Más evidente que nunca. Contorsiones de la voz y antojos vocales.

martes, 5 de octubre de 2010

Un estado mexicano / un estado de amor



Estoy pensando que hace un año atrás un día como hoy recibí, recién impreso, mi libro "La perla suelta". Luego Pablo Paredes pasó por mi casa a las 2 am y nos fuimos al Aeropuerto a tomar el avión hacia México. Nos llevaron mis papás en auto. La ciudad de Santiago de Chile estaba fría y las luces pasaban por la vereda, las luces, conversaciones, las luces. Tengo un recuerdo muy nítido del cruce de la Alameda con la calle General Velásquez. Así como también siento aún ese frío o mucho antes en mi casa una de las últimas conversaciones con Felipe, una botella de champán, mi mano tratando de llegar a su mano, la partida rotunda.
El aeropuerto estaba vacío. Al rato llegó Diego Ramírez y así fue como nos volvimos inseparables. Los poetas tenemos ese no sé qué de cabros huachos buscando amor. Nos amamos y organizamos de inmediato. Pablo fue nuestro representante. Diego la ternura. Yo ¿qué fui yo? Aún no lo sé. Nos subimos al avión. Compartimos secretos en el aire, tantos secretos. Hablamos durante horas. Las azafatas nos preguntaban si éramos estrellas de rock. Nosotros reíamos y seguíamos hablando como si nunca nos hubiésemos hablado, como si no fuéramos a hablar nunca más.
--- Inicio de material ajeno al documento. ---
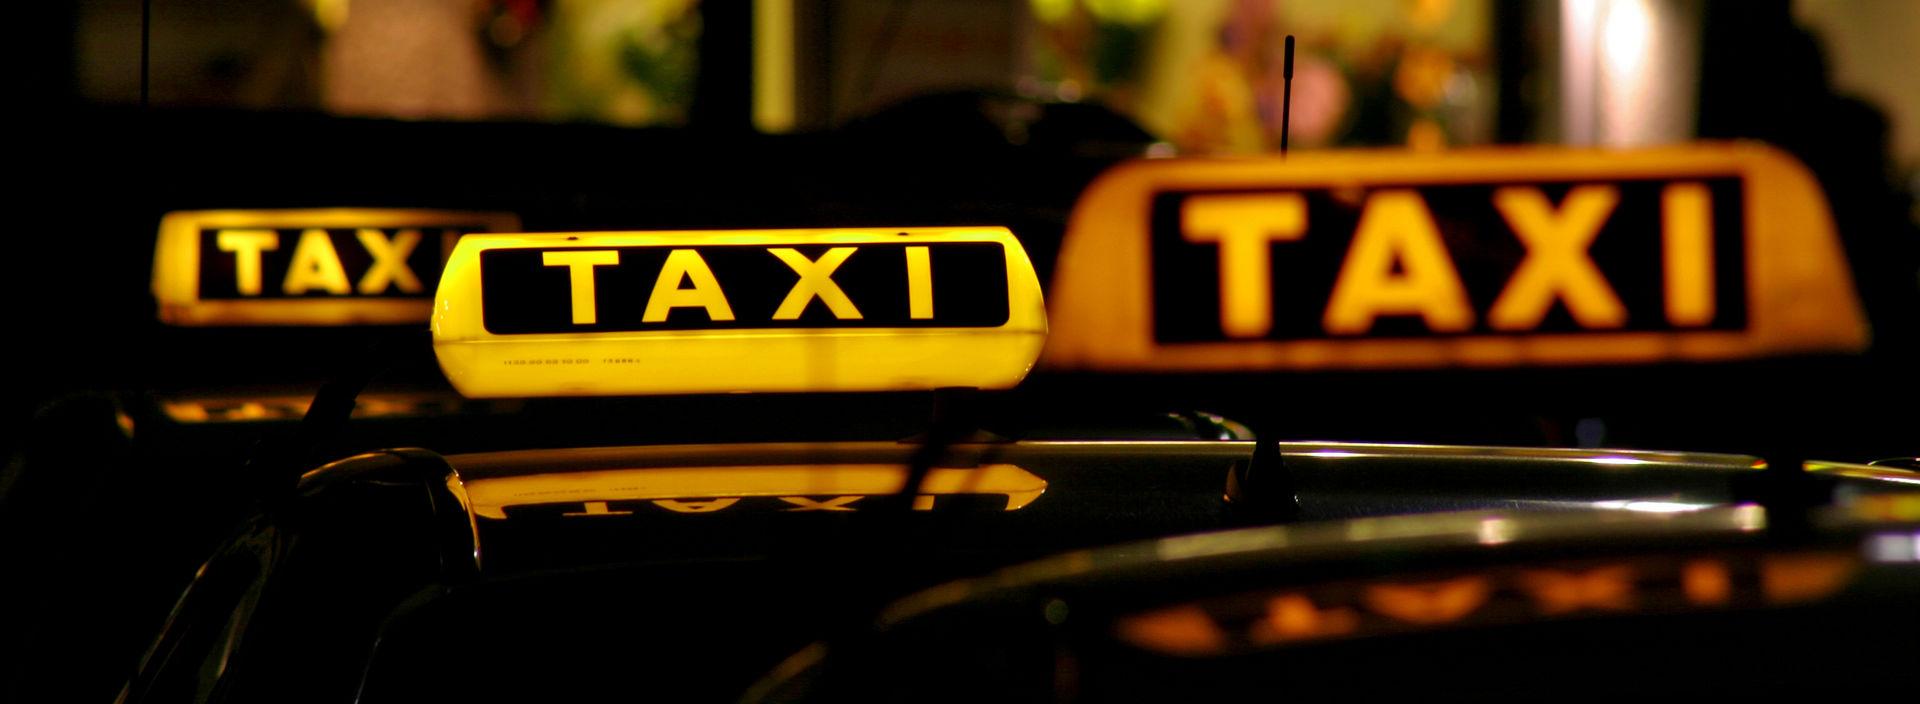 택시 광고

Cuando llegamos a México, comenzó el estado de amor. Nos esperaban ahí chicos de la comitiva, Jocelyn Pantoja nos llevó en su auto: el DF se abrió gigante. Llegamos a la casa de Héctor. Lloré cuando lo vi abrir la puerta. Nos abrazamos, me mostró su cuarto, su biblioteca y los libros, la terraza, todo era tan hermoso. Yaxkin y los chicos conversaban en el living, nadie podía creer que todo estaba recién comenzando. Parecía literatura que en un mismo lugar estuviéramos con María Eugenia López, Roxana Crisólogo, Javier Norambuena, Benjamín Morales, tantos más, tantos que llegarían, que ya se escuchaban venir. Y quedaban dos semanas. Dos semanas aún.
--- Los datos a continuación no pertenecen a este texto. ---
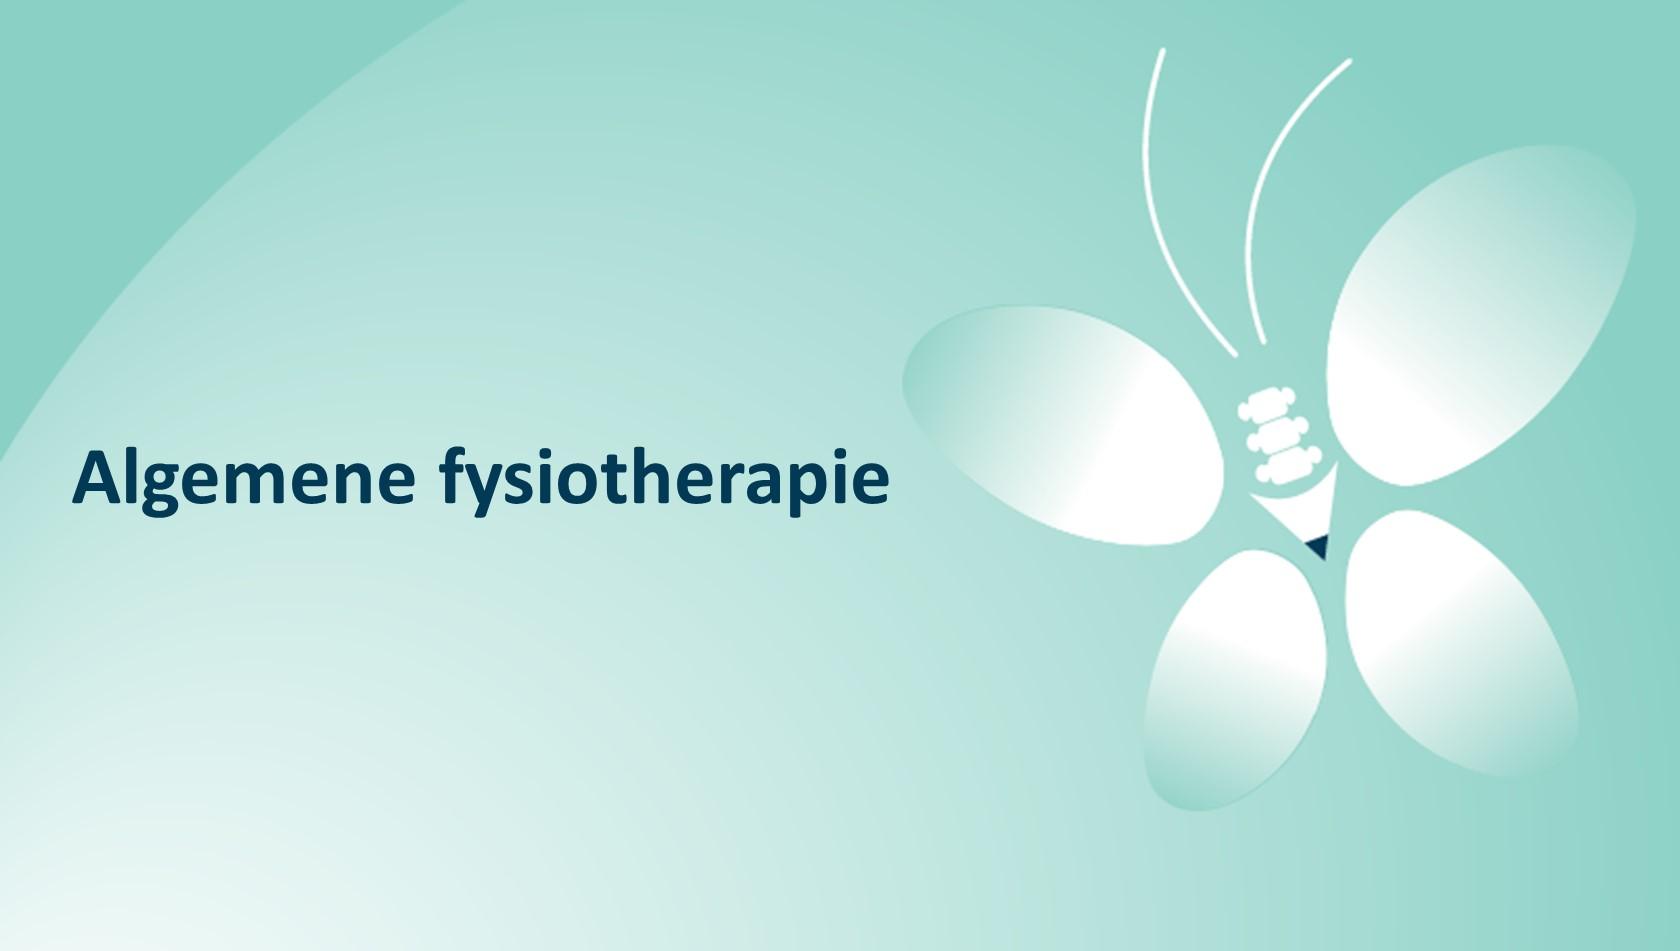 Stuitproblematiek in de algemene fysiotherapie_image

Un atardecer en ciudad de México puede cambiar el curso de los acontecimientos, lo mismo una noche, o una madrugada en la que comienza una lluvia furiosa y dos personas corren a esconderse a una ducha en una hostal, mientras el día anterior otras dos personas se miraban de reojos en el único ascensor de la misma hostal de la ducha y se despedían mordiéndose la boca en el pasillo. Un pasillo a oscuras en el que se prendía y apagaba la luz según las presencias, según pasara alguien por ahí. Nada puede seguir igual, nada. Menos con esa bullanga preciosa en cada rincón del DF: tanto era el ruido que cuando regresé a Santiago de Chile no soportaba el silencio.
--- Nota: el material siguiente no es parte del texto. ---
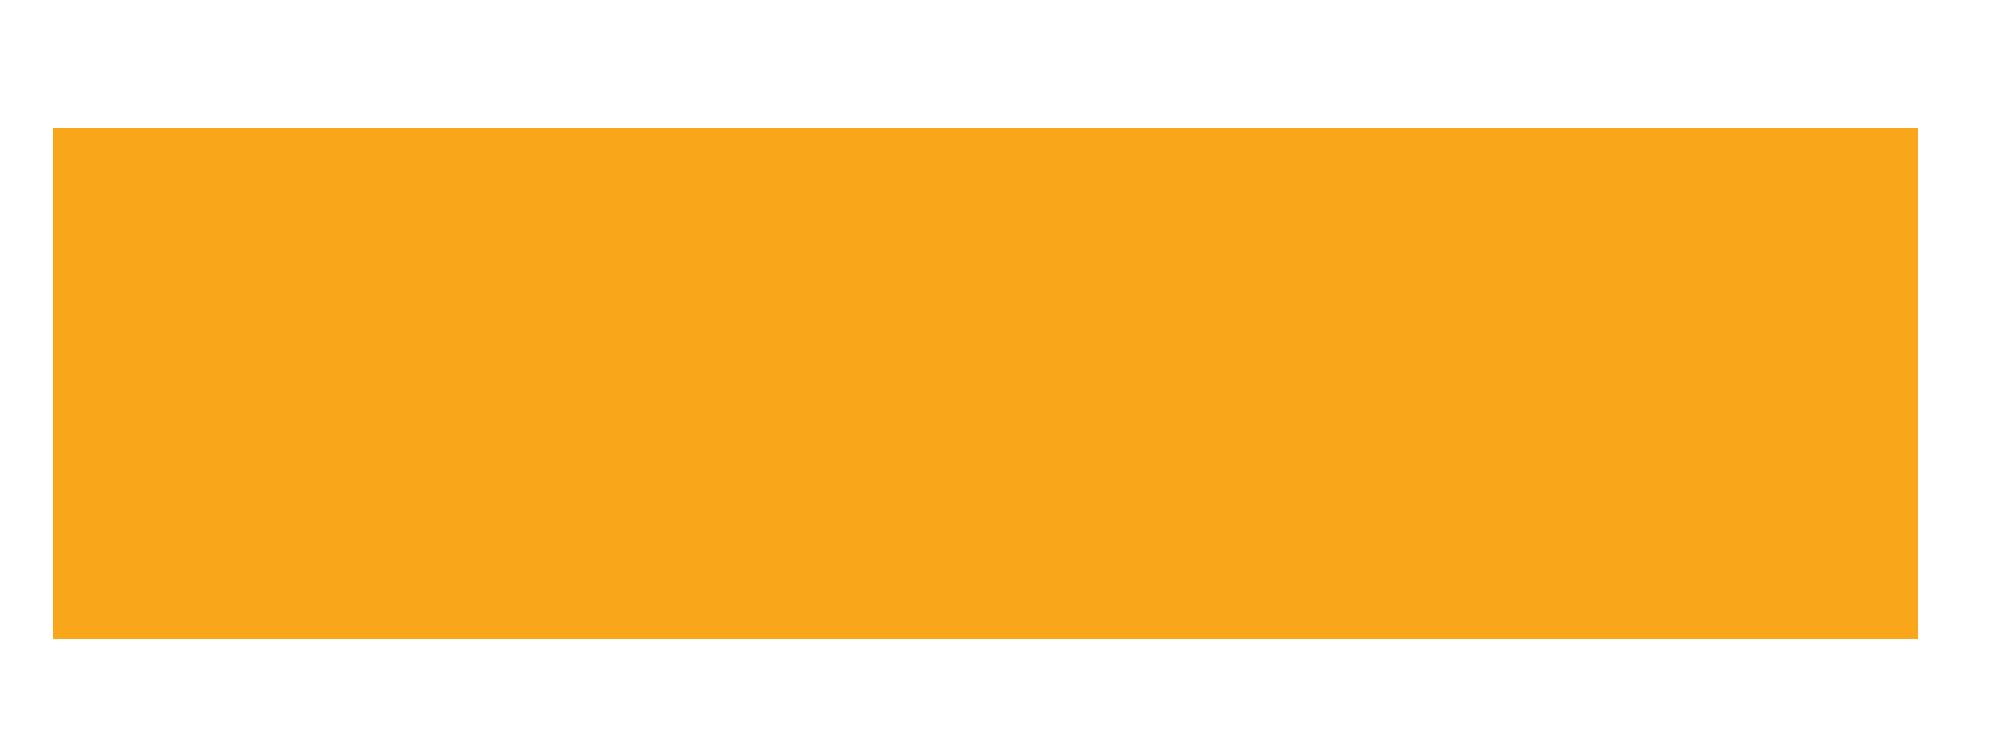 http://quantumroyal.org/99damage_logo.jpg

Nada puede seguir igual después de todas esas fiestas, del arrebato de las calles del Zócalo, de Héctor diciendo: una vez aquí, te das cuenta de que puedes vivir en cualquier lugar, de Pablo L. recitando sus poemas de flores y luego posando para unas fotos con Daniel S. frente a una Iglesia, el vestido celeste de Karen Plata, la cabellera preciosa de Mara, los ojos de Alex Piperno, el perfil de Horacio, la risa de Norys, Euge preciosa recibiendo un ramo de rosas en una disco al amanecer, el silencio cálidamente majestuoso de Ben Clark, los abrazos de Benji, una dedicatoria de Kin, las conversaciones por las calles, el carrito que nos llevó a Pablo P. y Diego hacia la Condesa...
Imágenes, textos, tensiones, distorsiones. Aunque hubiera una sola voz que cuando hablaba o cantaba lo enmudecía todo. Incluso a las bocinas de los autos, el rumor de la próxima fiesta de la muerte. Incluso al llorar frente al Museo. Incluso cuando nos despedimos esa madrugada y me dijo: pronto nos veremos. Incluso esas palabras, su silueta en esa calle, el corte de su traje que durante los últimos días abracé tanto; incluso todo lo que vino después.